Financing a small business can be very difficult and very stressful. When you have a great idea and want to get started, you need to determine how much startup capital you will need, and you will likely need more than you anticipate. It you have family members with financial means, it can be tempting to ask them for help. But is that the right thing to do? It depends upon the family members and how you set expectations going in.
To begin, if you do choose to borrow from a family member, you should treat it like any other bank loan. It should bear a rate of interest and have a payment schedule. You should determine if you need to make monthly payments or simply pay it all off with interest at the end of the loan term. By treating the loan this way, it can help to avoid hard feelings between family members (those involved and those not involved who may also have a vested interest in seeing the loan paid back).

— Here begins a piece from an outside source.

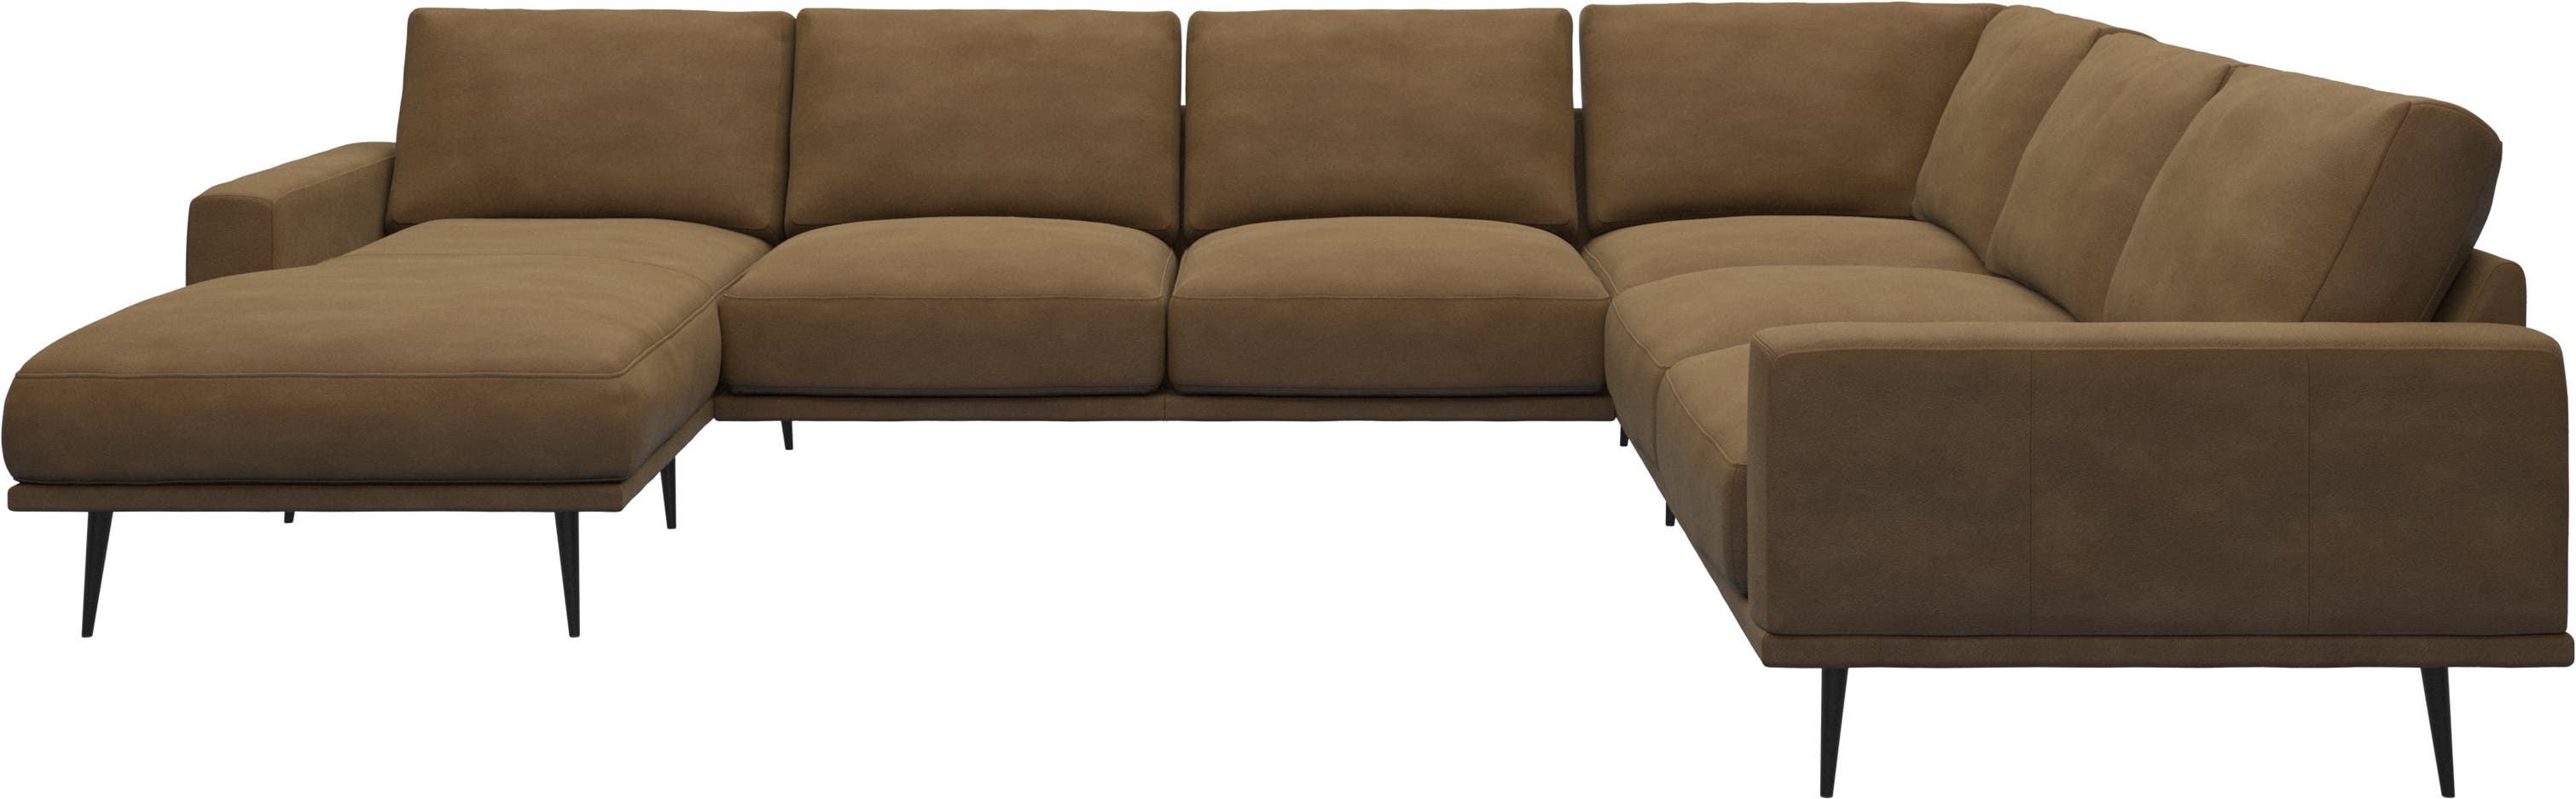 Carlton corner sofa with resting unit

When asking for the loan, you should be able to outline the business plan for your family members including your sales strategy and finances so they can see how you will service the loan over time. They should understand what the money will be used for so that it is clear that there is an “end game”. Ultimately, this should be a business transaction like any other. There is risk involved on the part of the lender so there interest rate should be appropriate for the risk level If a standard bank loan would bear a 5% interest rate, a family loan might bear a 10% rate because it is unlikely that the family member will take your house as collateral like a bank would so their money is not as guaranteed to be returned.
Ultimately the decision to borrow from family is personal and can be the best way to keep your business going during a difficult time. Just always remember that long after the business is gone, the family will remain so be careful not to ruin those precious relationships along the way.
Michael Giuffrida from Southington CT has been operating businesses since 1997. He is an experienced entrepreneur in business management, profitable growth, business valuation, mergers and acquisitions, and information technology managed services.
Nice article. I agree that treating the loan formally with a payment schedule and maturity date helps legitimize the process and helps keep misunderstandings minimal
Clear expectations is the name of the game here. More importantly, communication is mission critical. There is risk on both sides of the equation here and keeping family members in the loop creates trust and lowers the anxiety during the transaction. I would only add, when possible, pay them off early!
It is always tricky to mix business with family. This is some great advice on how to navigate the situation effectively.
Communication is key! It’s really important to confirm that both sides understand the expectations in full. I think it’s especially important to consider the worst possible scenario when borrowing money from anyone.